◆ INSTRUCTIONS TO FOLLOW: Nothing but the lines below from the one containing "Módulo Display Testador" through the one containing "immagine di un" should appear in the answer, exact and without pictures.

◆ MATERIAL FOR THE TASK:
::::::::::

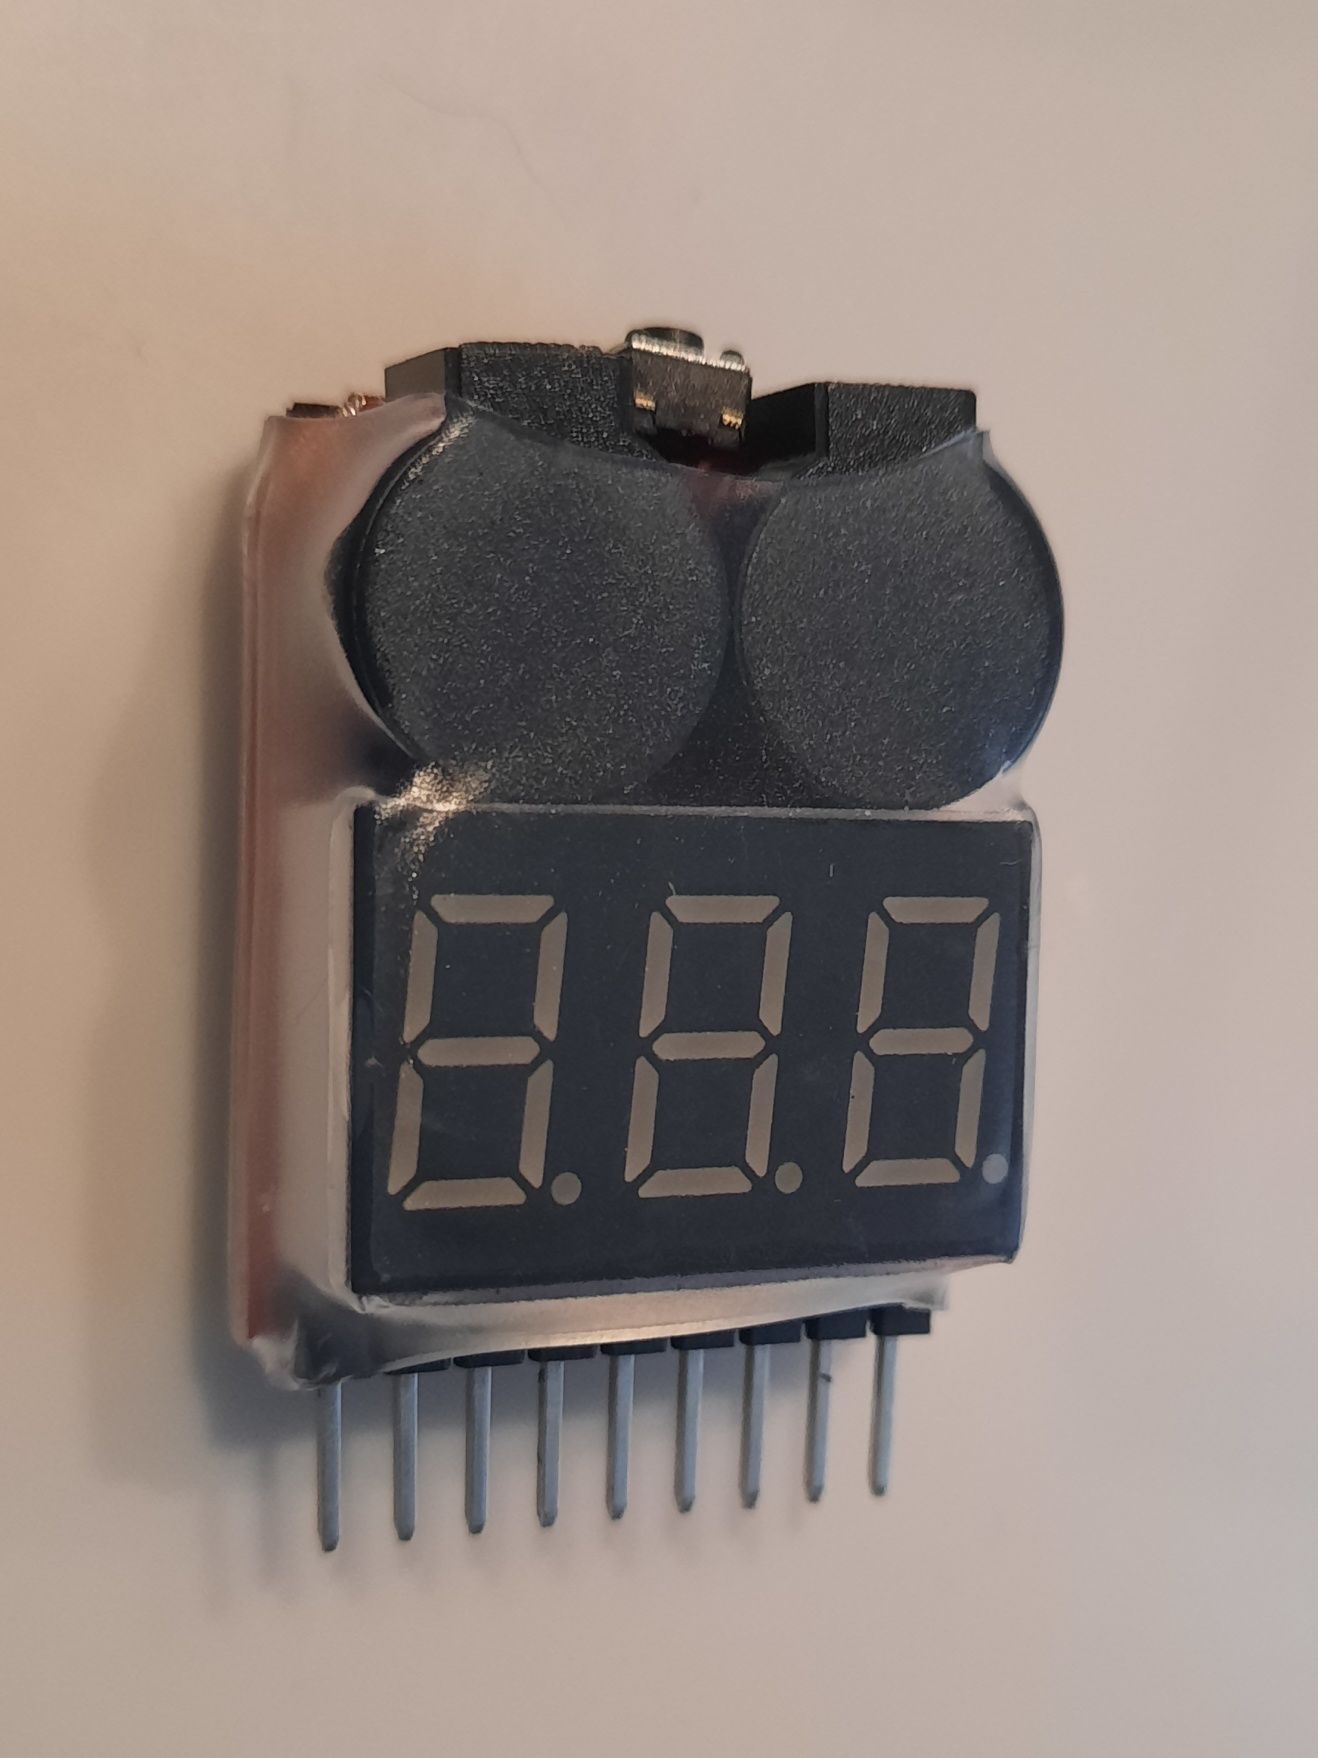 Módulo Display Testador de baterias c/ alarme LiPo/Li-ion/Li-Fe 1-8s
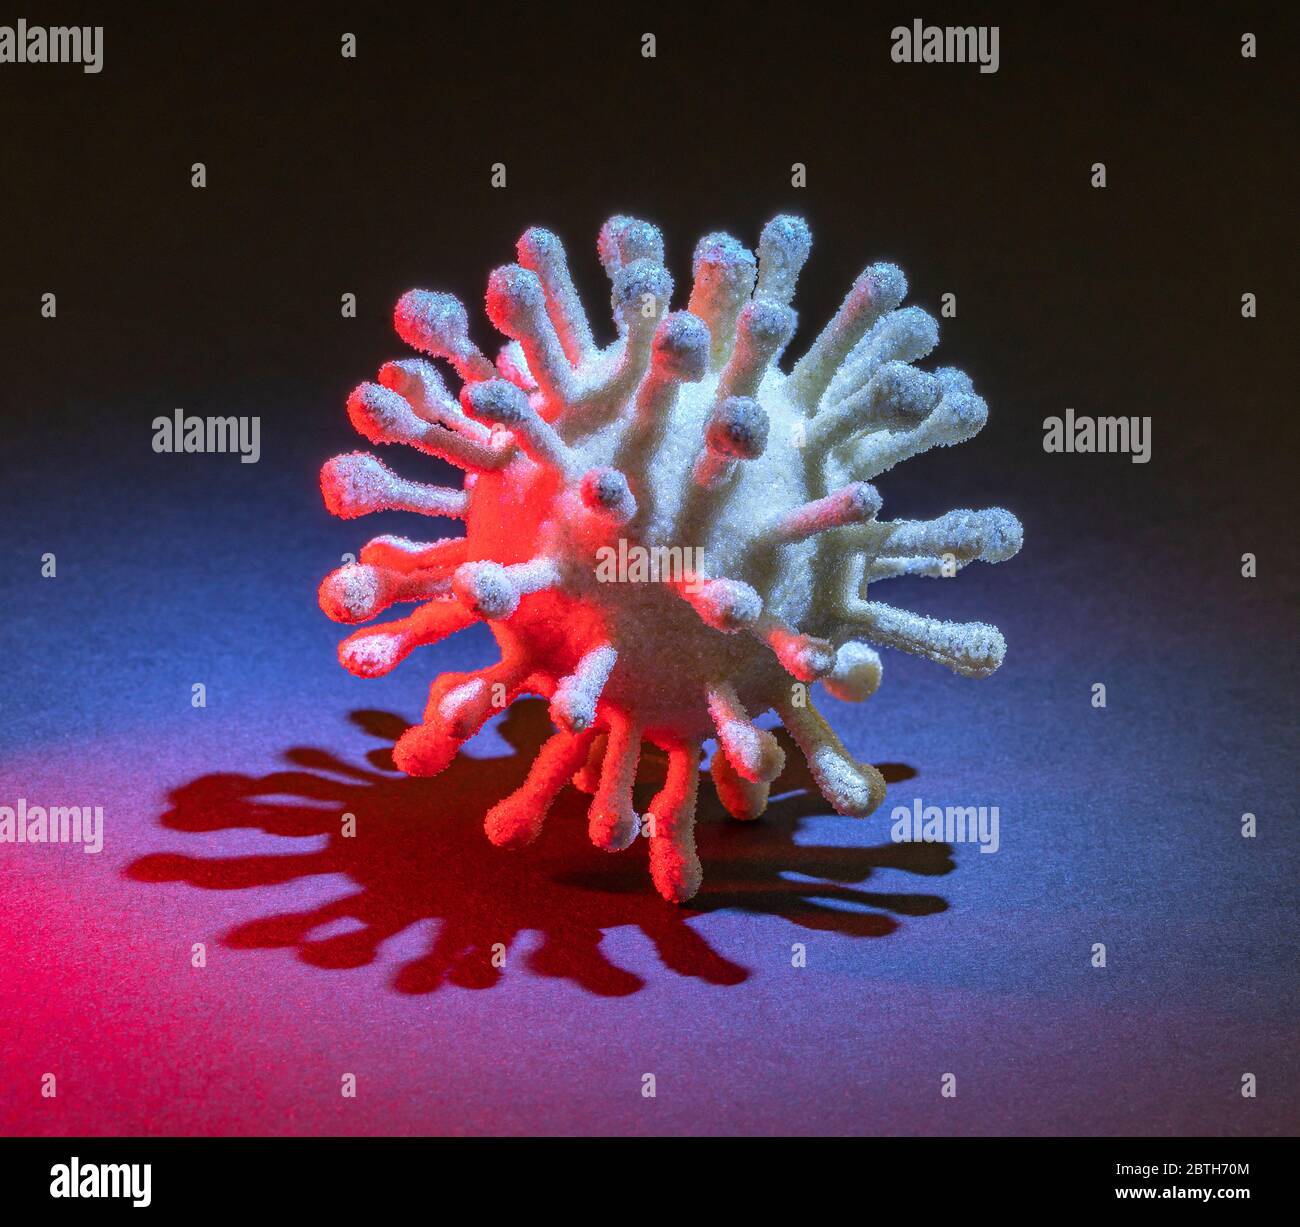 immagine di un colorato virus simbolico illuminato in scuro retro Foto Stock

::::::::::

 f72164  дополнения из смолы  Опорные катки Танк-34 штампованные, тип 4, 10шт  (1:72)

::::::::::

◆ RESULT FOR THIS EXERCISE:
 Módulo Display Testador de baterias c/ alarme LiPo/Li-ion/Li-Fe 1-8s
 immagine di un colorato virus simbolico illuminato in scuro retro Foto Stock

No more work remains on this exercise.